Instagram & TikTok: @dr.erinjacques

LinkedIn: linkedin.com/in/drerinjacques

Table of Contents

  1. What This Voice Agent Does
  2. What You Need Before Starting
  3. Getting Your API Key
  4. Understanding Your Three Files
  5. Creating Your Perfect System Prompt
  6. Deploying to Vercel
  7. Complete Troubleshooting Guide
  8. Testing Your Agent
  9. Customizing for ANY Topic

What This Voice Agent Does

This AI-Powered Voice Assistant:

  • Listens to users through their microphone
  • Converts speech to text using OpenAI's Whisper
  • Scrapes live information from your chosen websites
  • Generates smart responses using OpenAI's GPT-4 with that real-time data
  • Speaks the answer back using OpenAI's text-to-speech
  • All through a beautiful web interface users can access anywhere

The Flow

User speaks into microphone
Whisper API converts speech to text
System scrapes your chosen websites
GPT-4 API generates response with live data
TTS API converts response to speech
User hears the answer

What You Need Before Starting

Important: You only need ONE API key for this entire project!

Required Accounts

1. OpenAI Account (The Only API Key You Need)

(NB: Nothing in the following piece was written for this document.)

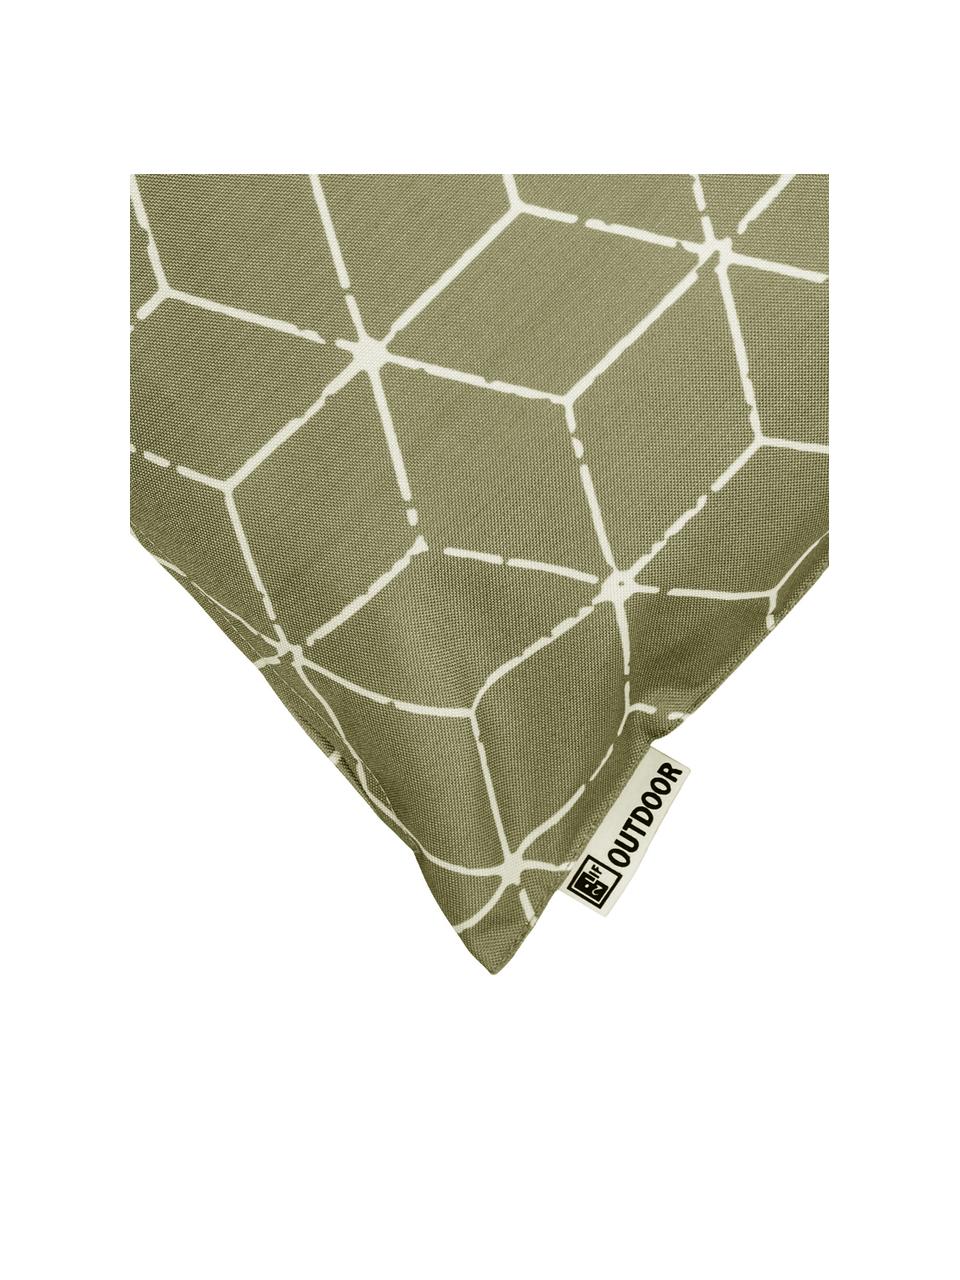 Outdoor-Kissen Cube mit grafischem Muster in Grün/Weiss, mit Inlett, 100% Polyester, Taupe, Weiss, 30 x 50 cm

Sign up: https://platform.openai.com/signup

Add payment method: Required even for pay-as-you-go

What you'll use it for:

  • Whisper (speech-to-text)
  • GPT-4 (AI brain that generates responses)
  • TTS (text-to-speech)

2. Vercel Account (Free Hosting)

Go to: https://vercel.com/signup

Free tier available. This hosts your voice agent.

3. GitHub Account (Code Storage)

Go to: https://github.com/signup

Free. This stores your files.

Getting Your API Key

OpenAI API Key Setup

Step 1: Go to https://platform.openai.com/api-keys

Step 2: Click the green "Create new secret key" button

Step 3: Give it a name like "Voice Travel Agent"

Step 4: Copy the key (starts with sk-proj-...)

Step 5: Save it somewhere safe - you can't see it again!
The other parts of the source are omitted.